We relied on database trait measures (USDA PLANTS Database, plants.usda.gov; LEDA Traitbase, (Kleyer et al. 2008), the Royal Botanic Gardens Kew Seed Information Database, data.kew.org/sid/) to further address which traits confer native plant species establishment success. These included functional group, bloom time, life history strategy, seed weight, specific leaf area, expected height at maturity, rate of vegetative spread, and root morphology. This effort focused on establishment traits only, which differed from the broader set of traits used to organize the functional diversity seed mixture treatments. We then calculated the percent establishment of each species by determining the number of sites each species was seeded in divided by the number of sites where each species was scored as present at any point in study (which could be larger due to spread to unseeded sites). We also ran a redundancy analysis (RDA) model to determine which components of the matrix of traits predicted establishment success of the seeded species. RDA is a method of constrained ordination which is capable of partitioning variation across multiple explanatory factors. Because the functional trait model was not significant, we estimated establishment success of each species by calculated phylogenetic signal (Blomburg’s K), based on the phylogenetic tree created in Phylocom. This allowed us to determine whether closely related species were more likely to show similar rates in establishment success. This analysis was carried out in the phylocomr package in R. All statistical analyses were carried out in R version 4.0.2 (R Core Team 2020)

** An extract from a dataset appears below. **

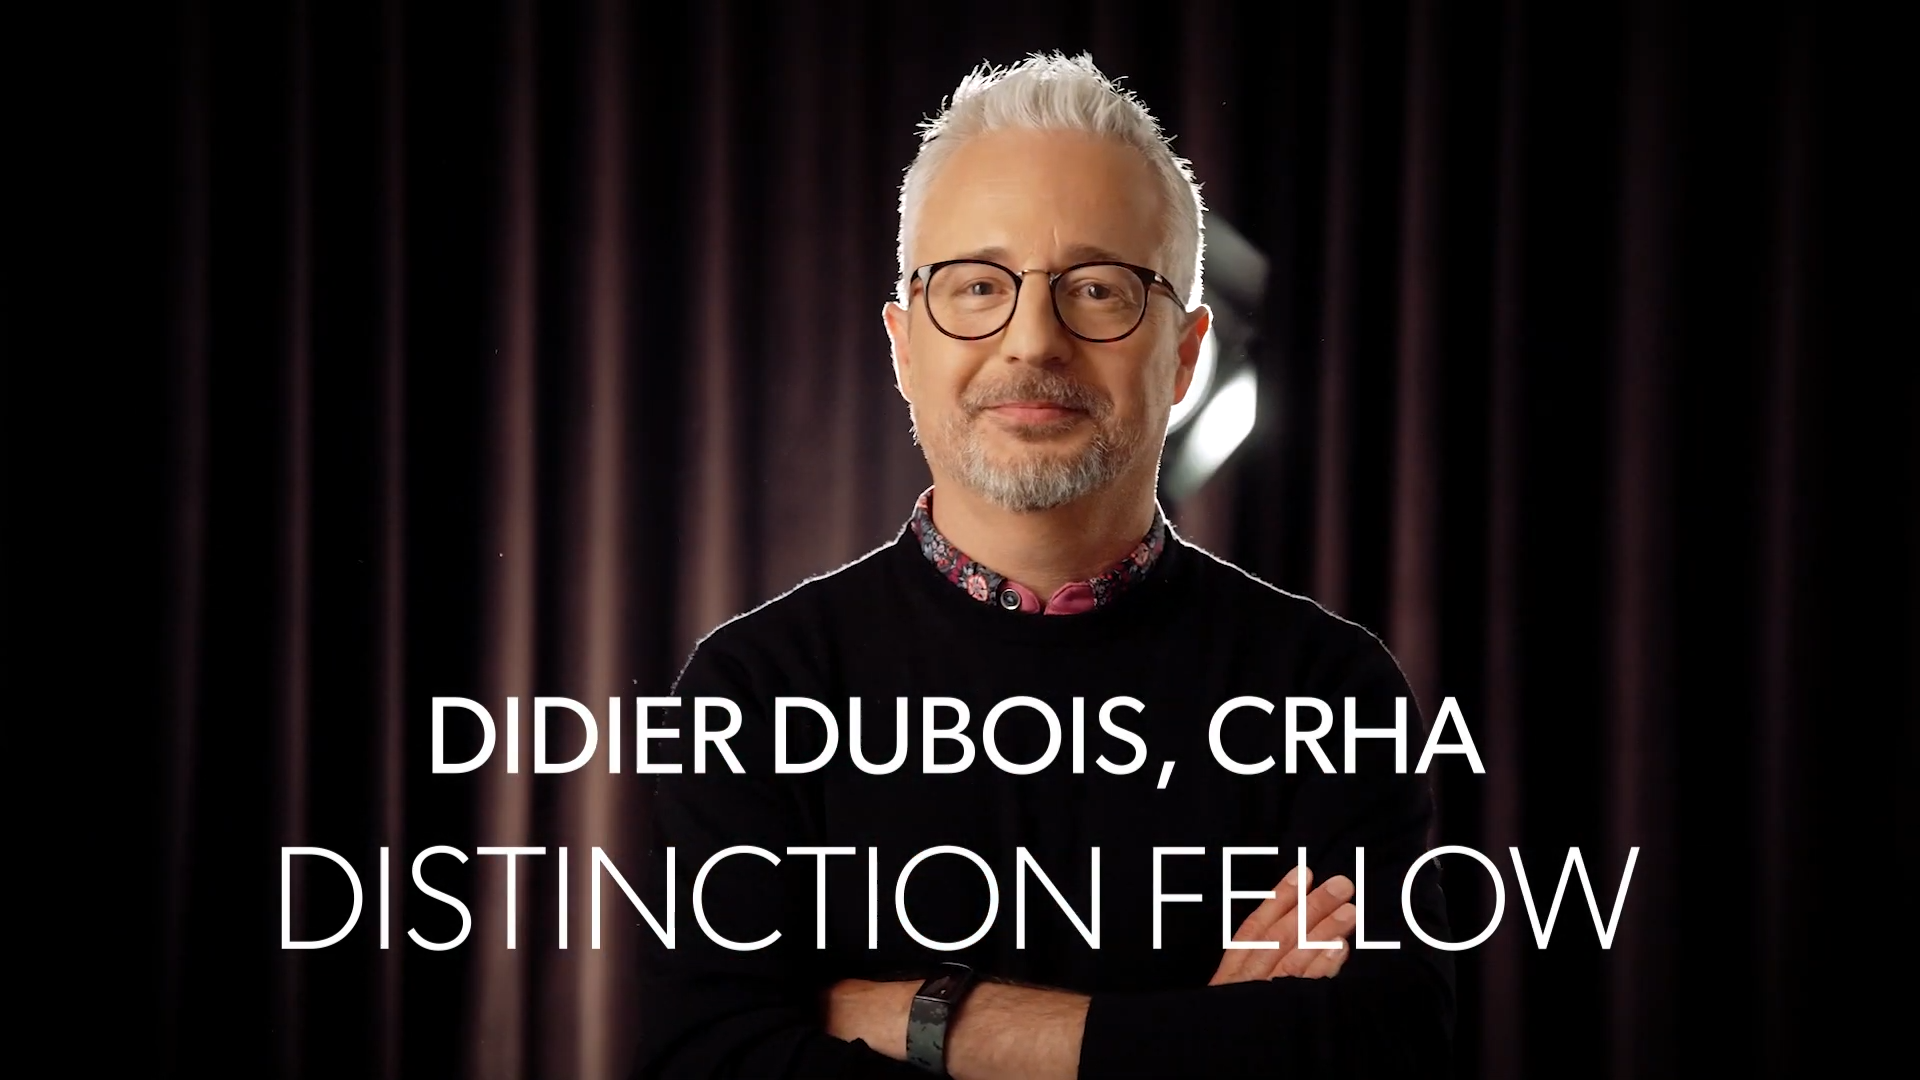 Distinction Fellow - Didier Dubois, CRHA 0-8 screenshot.png
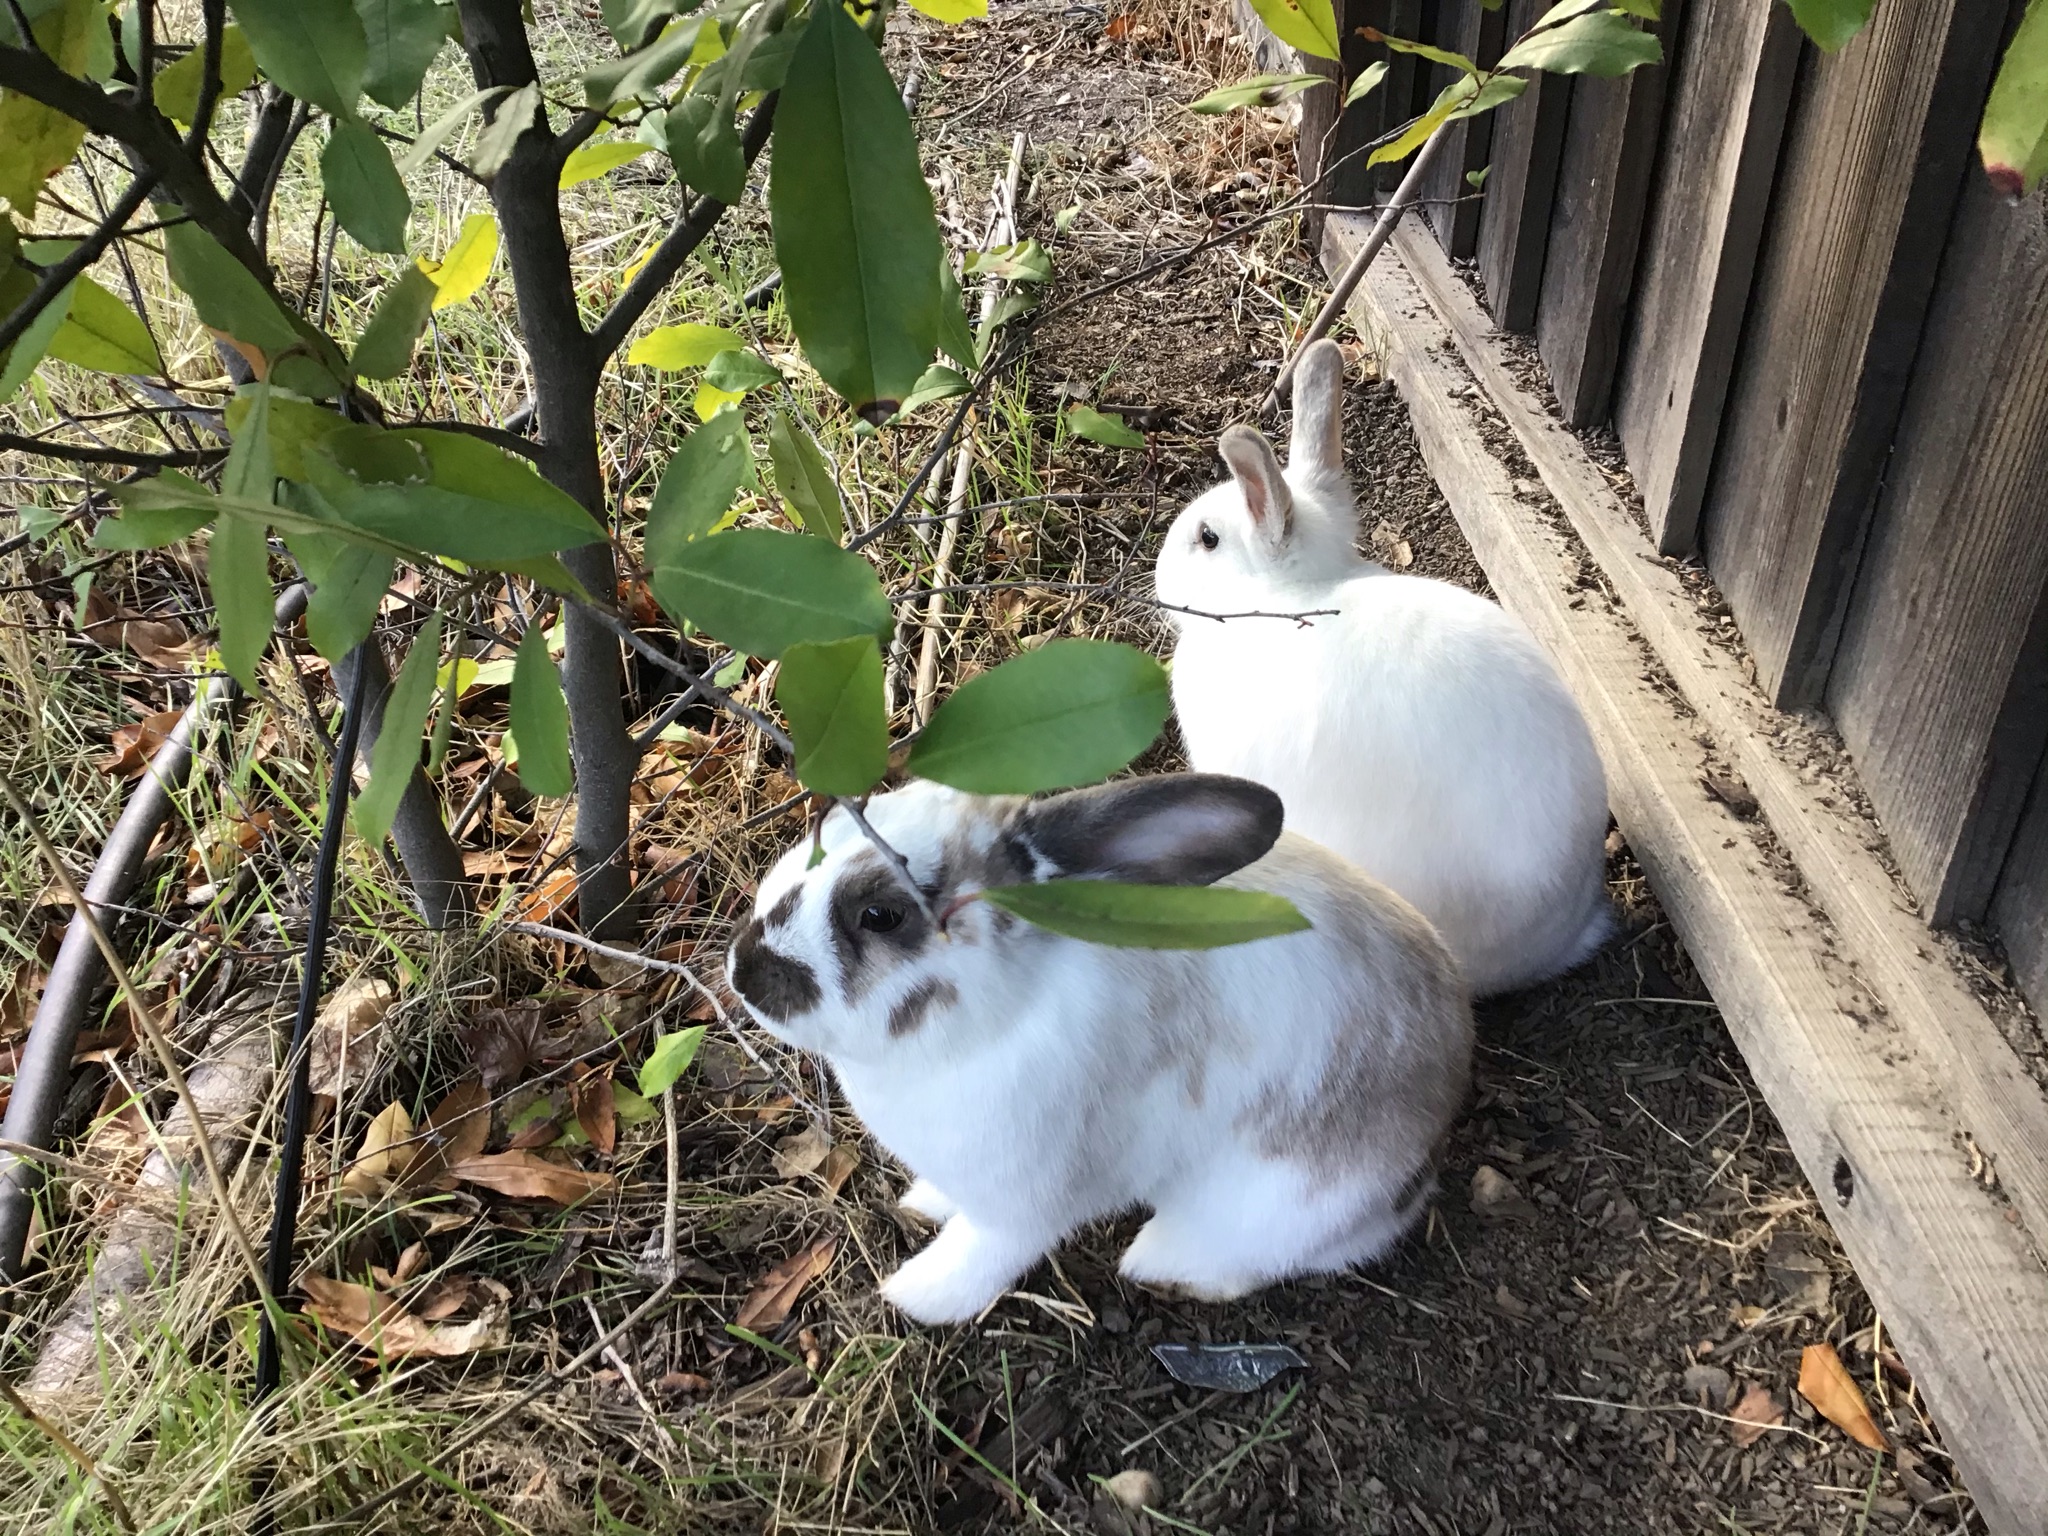 My 2 bunnies chilling in my backyard

Del Tredici, P. 2010. Wild urban plants of the northeast: a field guide. Comstock Publishing, Ithaca, NY.

Laliberte, E., and Legendre, P. 2010. A distance-based framework for measuring functional diversity from multiple traits. Ecology 91: 299-305.

R Core Team. 2020. R: A language and environment for statistical computing. R Foundation for Statistical Computing, Vienna, Austria.

Webb, C.O., Ackerly, D.D., McPeek, M.A., and Donoghue, M.J. 2002. Phylogenies and community ecology. Annual Review of Ecology and Systematics 33:475-505.